Reprise d'un vieux machin du 10 septembre 2008 (c'était le bon temps!). Le titre a pour but d’attirer l'attention des médiapartiens férus d’astronomie, qui ont bien, comme les autres, le droit de s’intéresser aux débats d’économie politique). Je numérote mes 12 paragraphes, de 0 à 11, pour la commodité des commentateurs éventuels. Certaines de mes formulations coutumières ont évolué, mais globalement je reste en accord avec le sens général du texte.
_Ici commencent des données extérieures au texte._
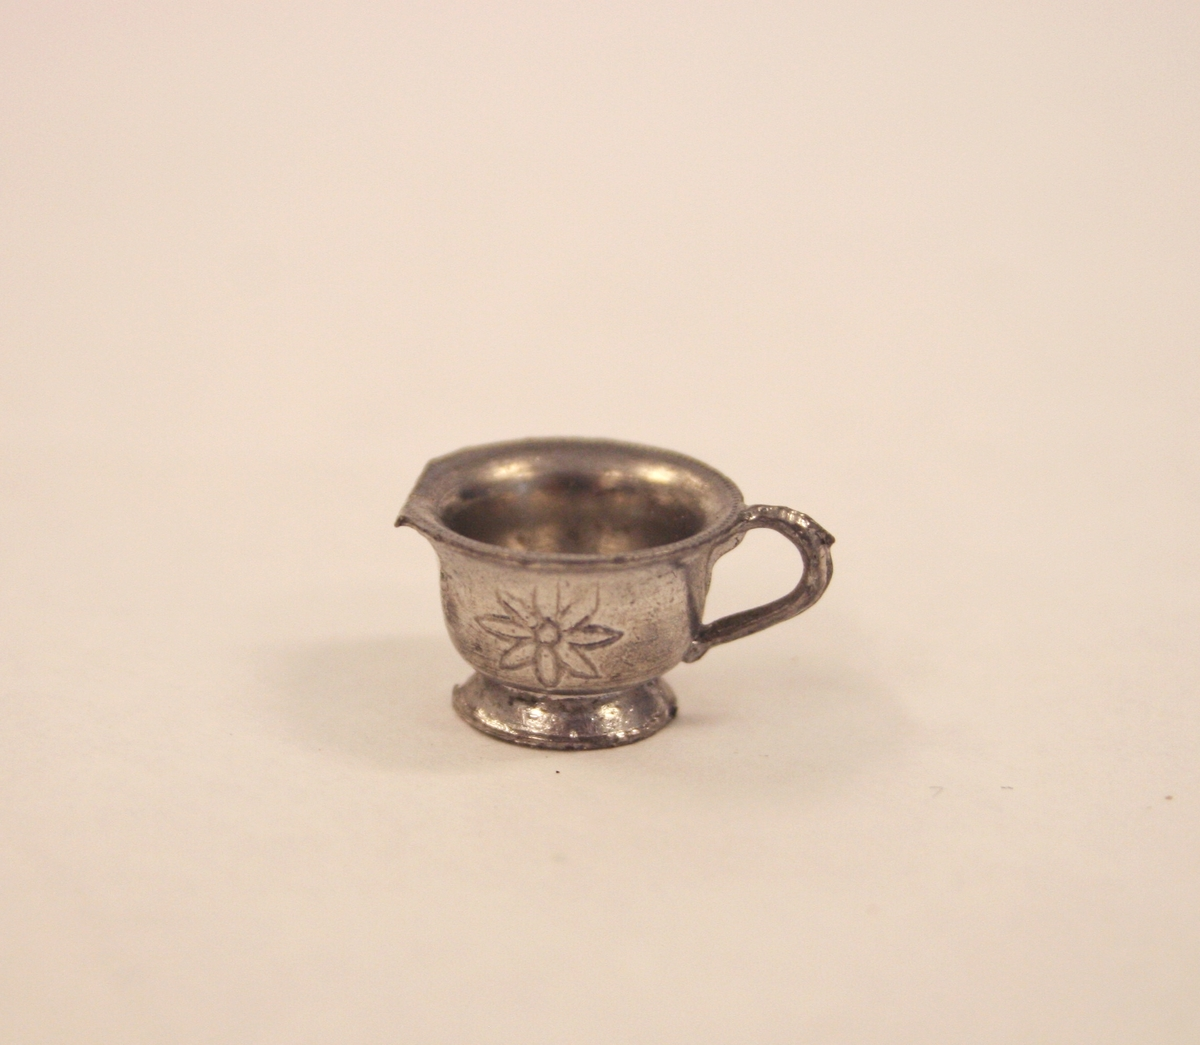 A) Eske:  Perlestav rundt kanten av lokket i gull.  B) Serveringsfat: Riflet kant med dekor under kanten og på fatet. I midten er et blomsterdekor.  C) Tekanne: Mønstret dekor på lokket, blomsterdekor på hver side av kanne.  D) Fløtemugge: Riflet kant på toppen med blomster på hver side av muggen.  E) Tekopper: Riflet kant øverst på koppen rundt, blomsterdekor på hver side av koppen.  F) Teskål: Riflet langs kanten hele veien rundt.  G) Serveringsbolle: Møstret og riflet kant med prikker rundt hele.  H) Duk: Heklet broderi, blomsterlikning.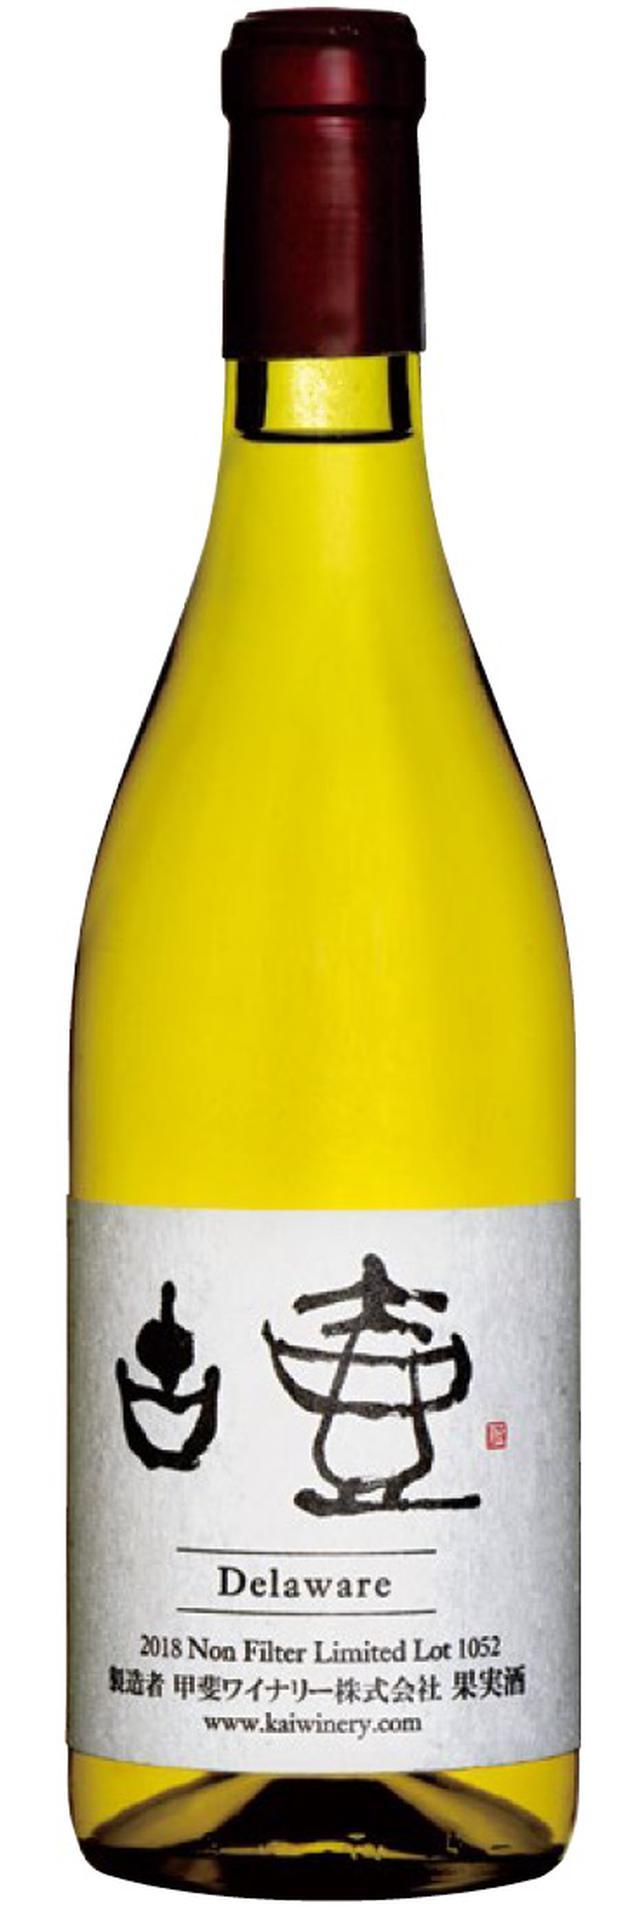 画像3: ワイン王国 2020年7月号/No.117 お勧め5ツ星の買える店(1000円台で見つけた日本ワイン)

Quand les socialistes se rallient à l’économie de marché, ce n’est pas l’extension mondiale des échanges commerciaux qu’ils ont en tête, mais l’organisation économique de l’Europe (dont la France). Il n’y a que trois manières connues d’organiser ce que les économistes appellent « l’allocation des ressources rares », c’est-à-dire le rapprochement des ressources disponibles et des besoins à satisfaire. Ces trois organisations de l’économie sont:
(1) la loi du plus fort (c’est moi qui suis du bon côté de l’épée, ou de la kalashnikov, par conséquent ce qui est à moi est à moi et ce qui est à toi est négociable), plus ou moins modulée par la tradition. Exemples: le régime féodal d’autrefois, les « zones de non-droit » modernes. Ce type d’organisation peut d’ailleurs contaminer les autres types, à travers la domination économique, la corruption, le gangstérisme mafieux…
2.
(2) le collectivisme, autour du plan soit (a) autoritaire, soit (b) libertaire. Les travailleuses et travailleurs, librement et harmonieusement associés, produisent ce qu’ils ont décidé et se le distribuent, sous la conduite bienveillante et débonnaire de leur avant-garde éclairée dans le premier cas, mus par un élan spontané et fraternel dans le second.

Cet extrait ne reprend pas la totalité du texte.